• _EXERCISE INSTRUCTIONS_
Using the listing below, copy exactly each line from the one that has "Blake Lively and" through the one that has "36 Shrubbery Road, Bromsgrove, Worcestershire, B61"; omit the pictures.

• _DATA RECORDS_
--- START ---
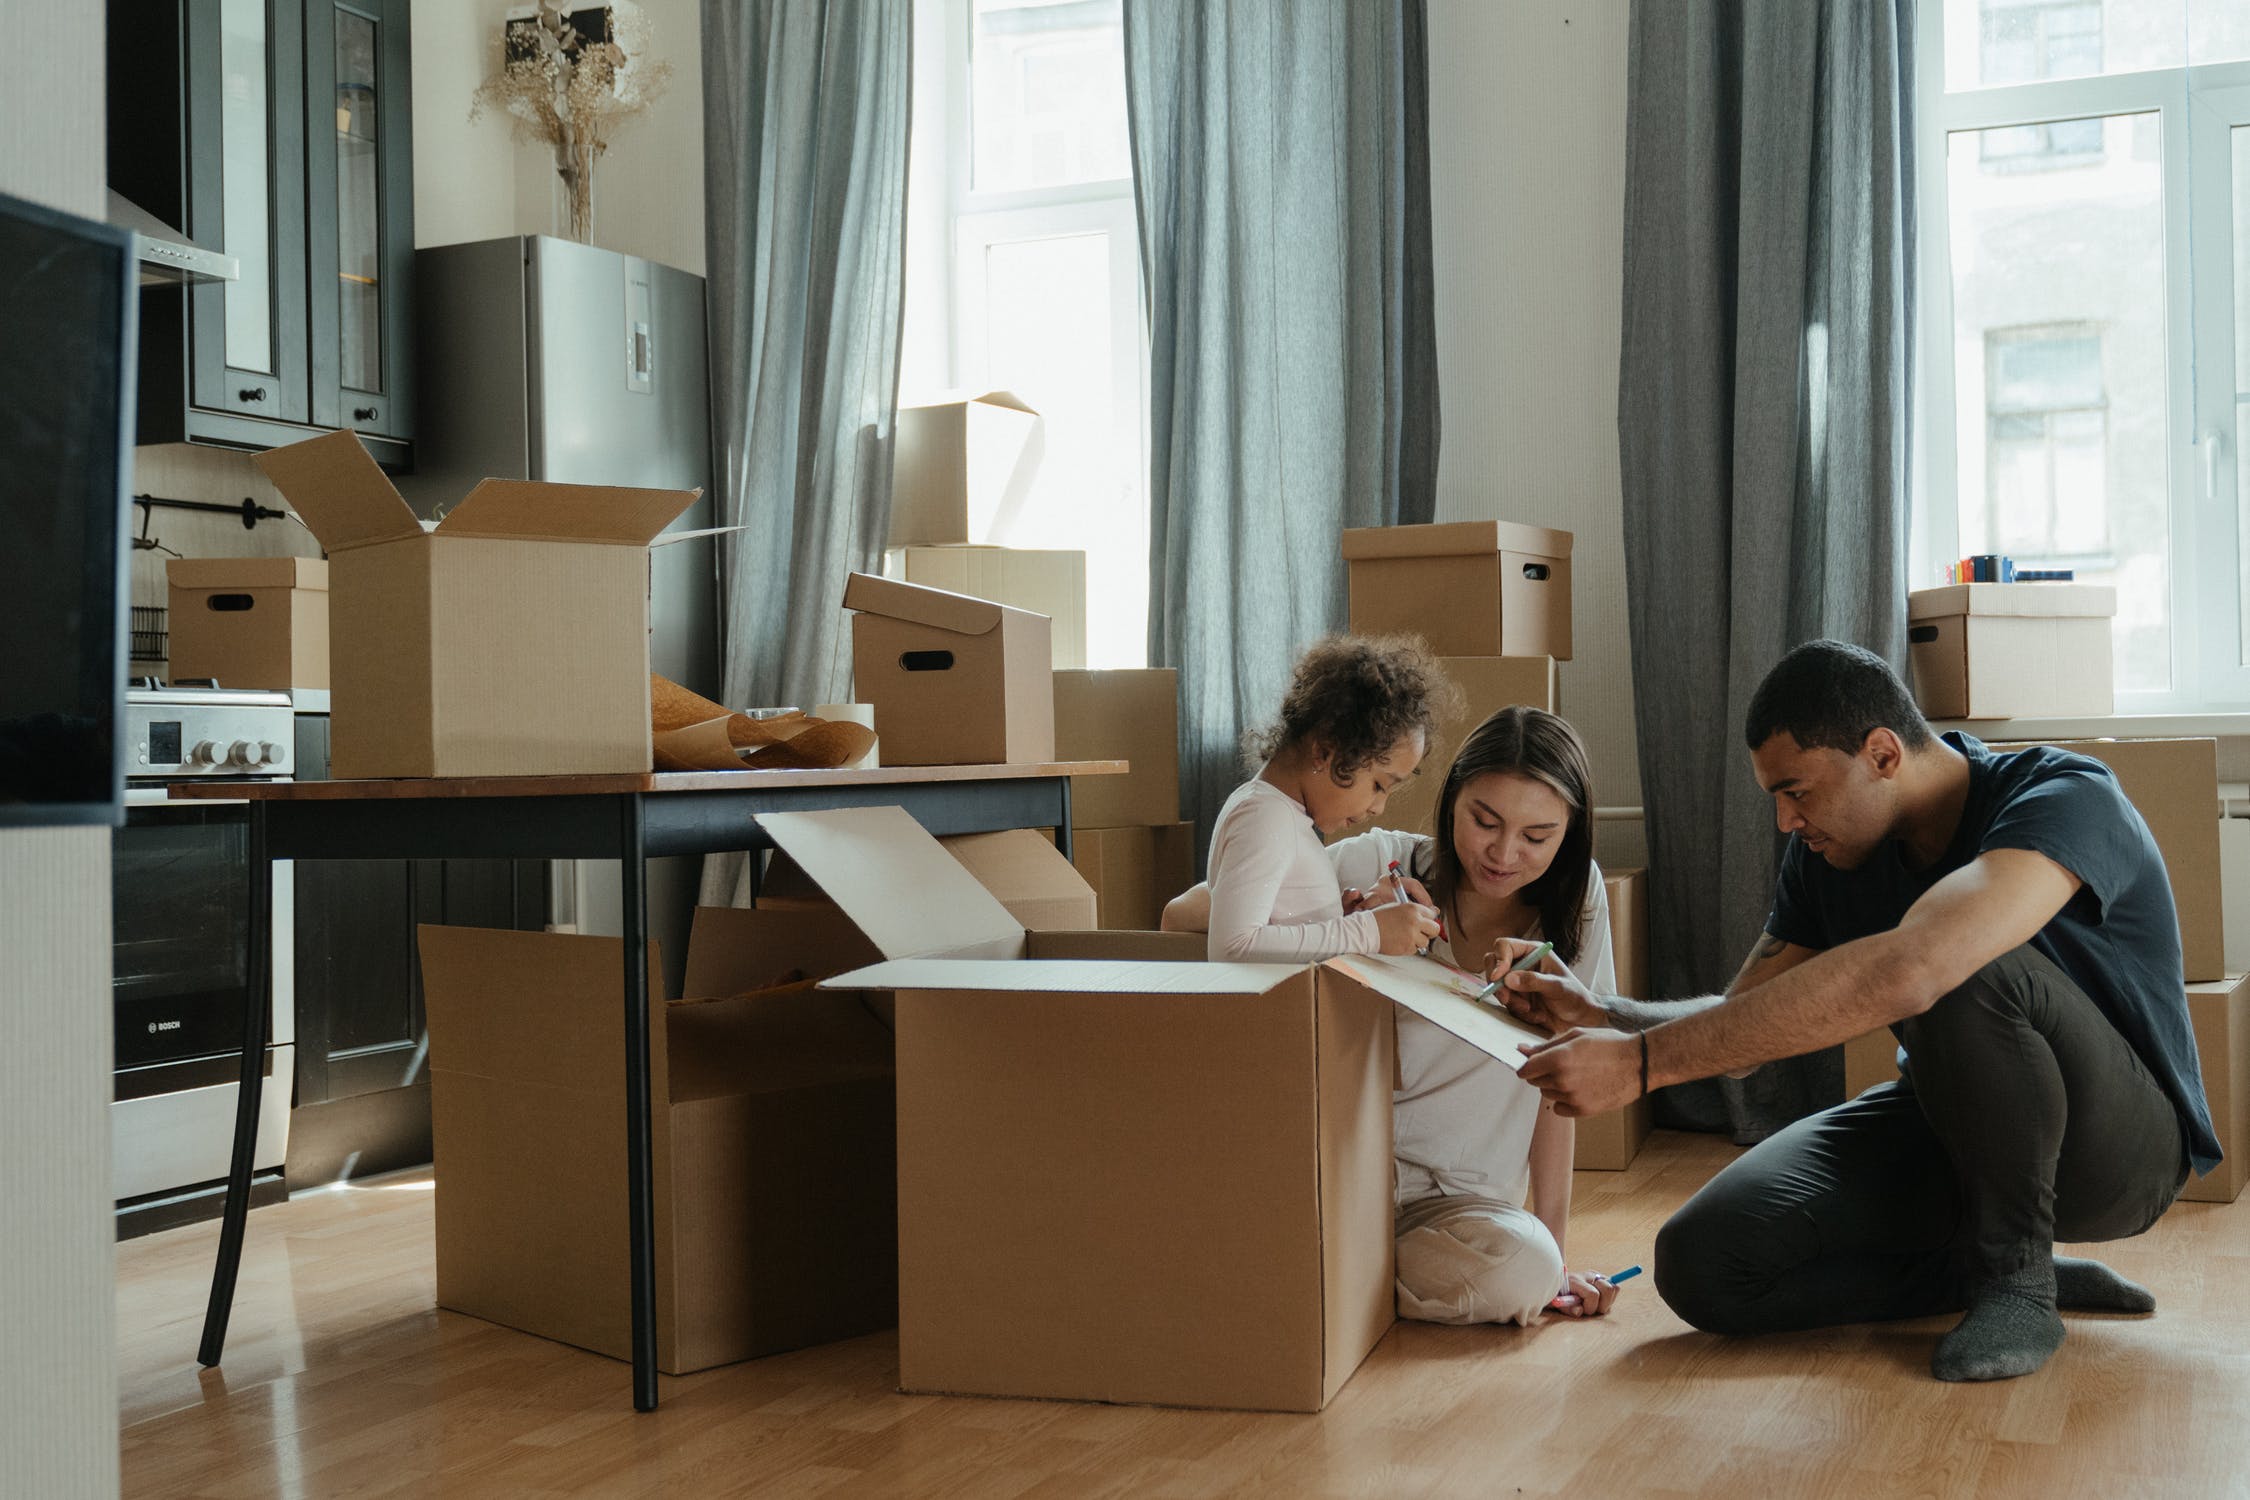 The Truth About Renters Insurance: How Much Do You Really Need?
--- END ---
--- START ---
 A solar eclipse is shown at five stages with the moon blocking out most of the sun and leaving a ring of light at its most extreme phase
--- END ---
--- START ---
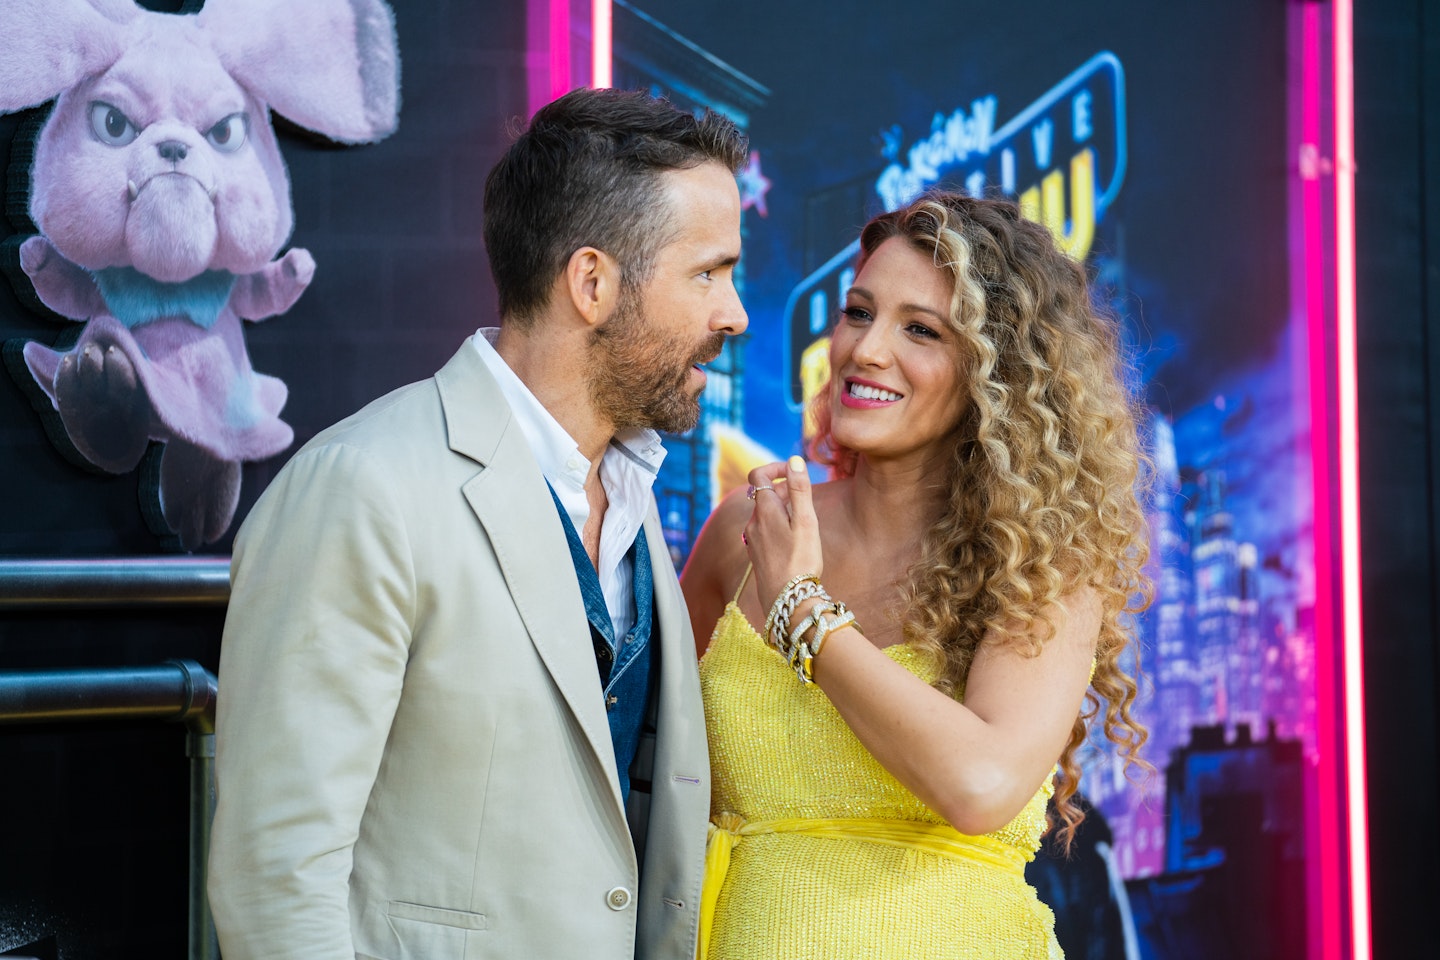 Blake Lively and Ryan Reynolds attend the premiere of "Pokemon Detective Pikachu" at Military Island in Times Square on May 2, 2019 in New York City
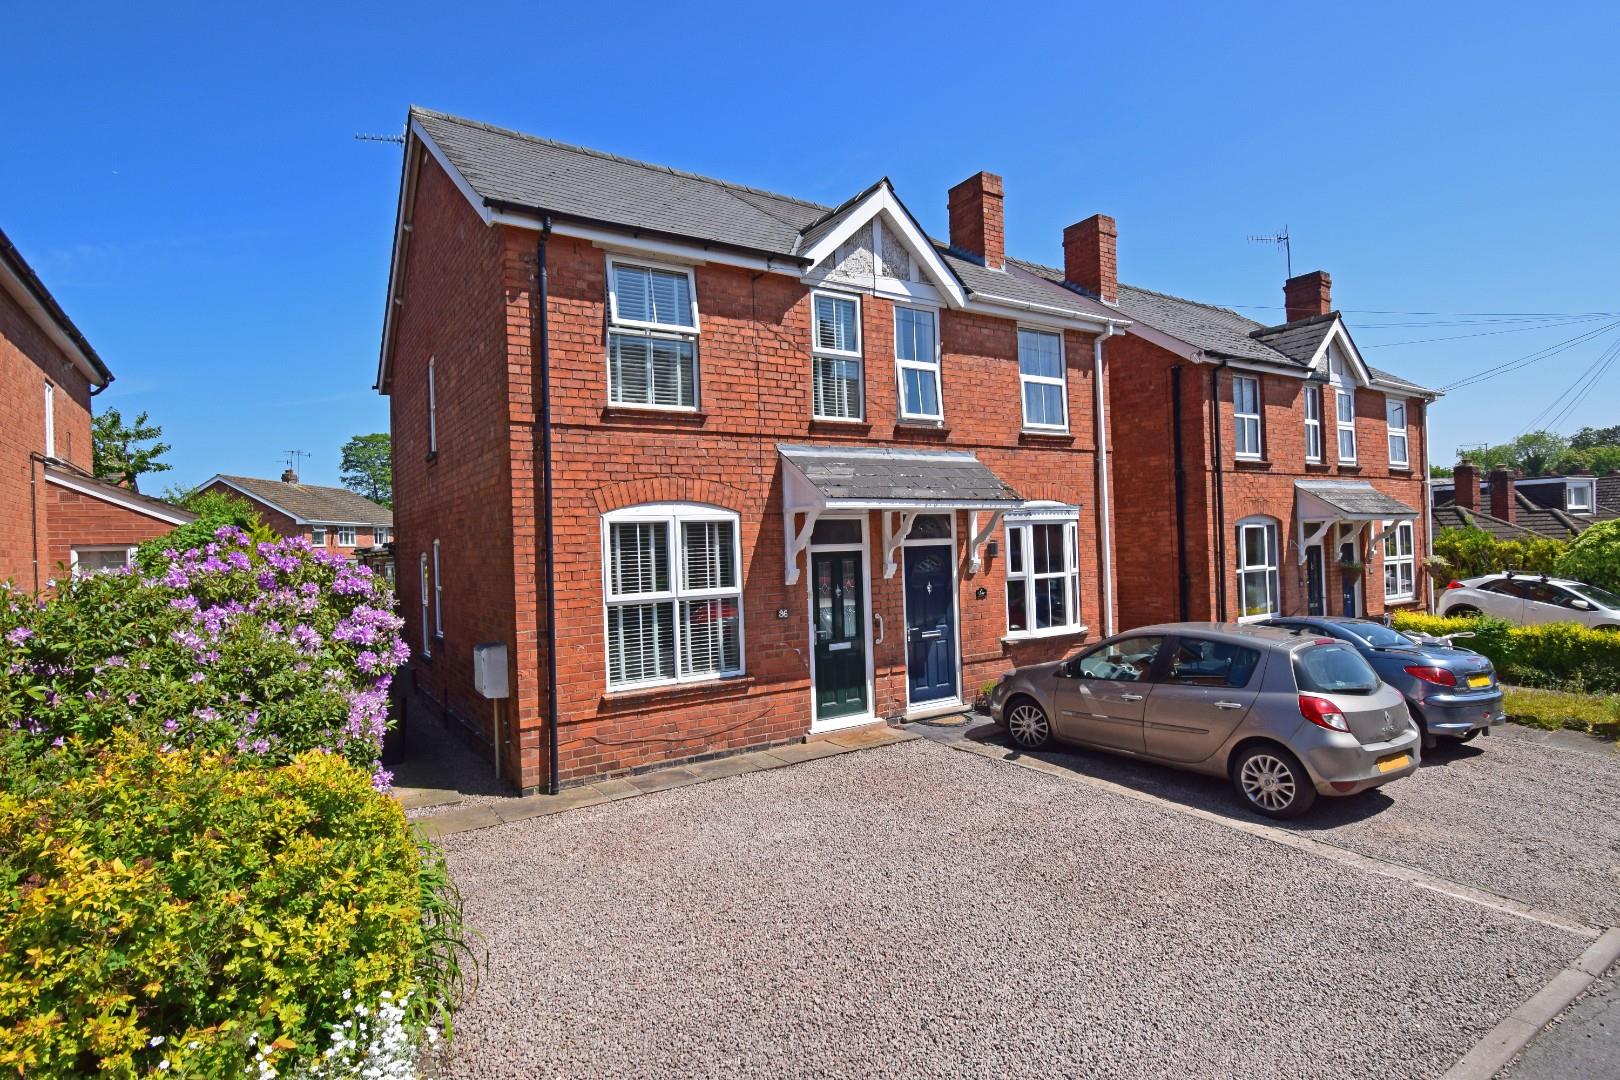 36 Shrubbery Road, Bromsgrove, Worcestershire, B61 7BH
--- END ---
• _EXERCISE RESPONSE_
 Blake Lively and Ryan Reynolds attend the premiere of "Pokemon Detective Pikachu" at Military Island in Times Square on May 2, 2019 in New York City
 36 Shrubbery Road, Bromsgrove, Worcestershire, B61 7BH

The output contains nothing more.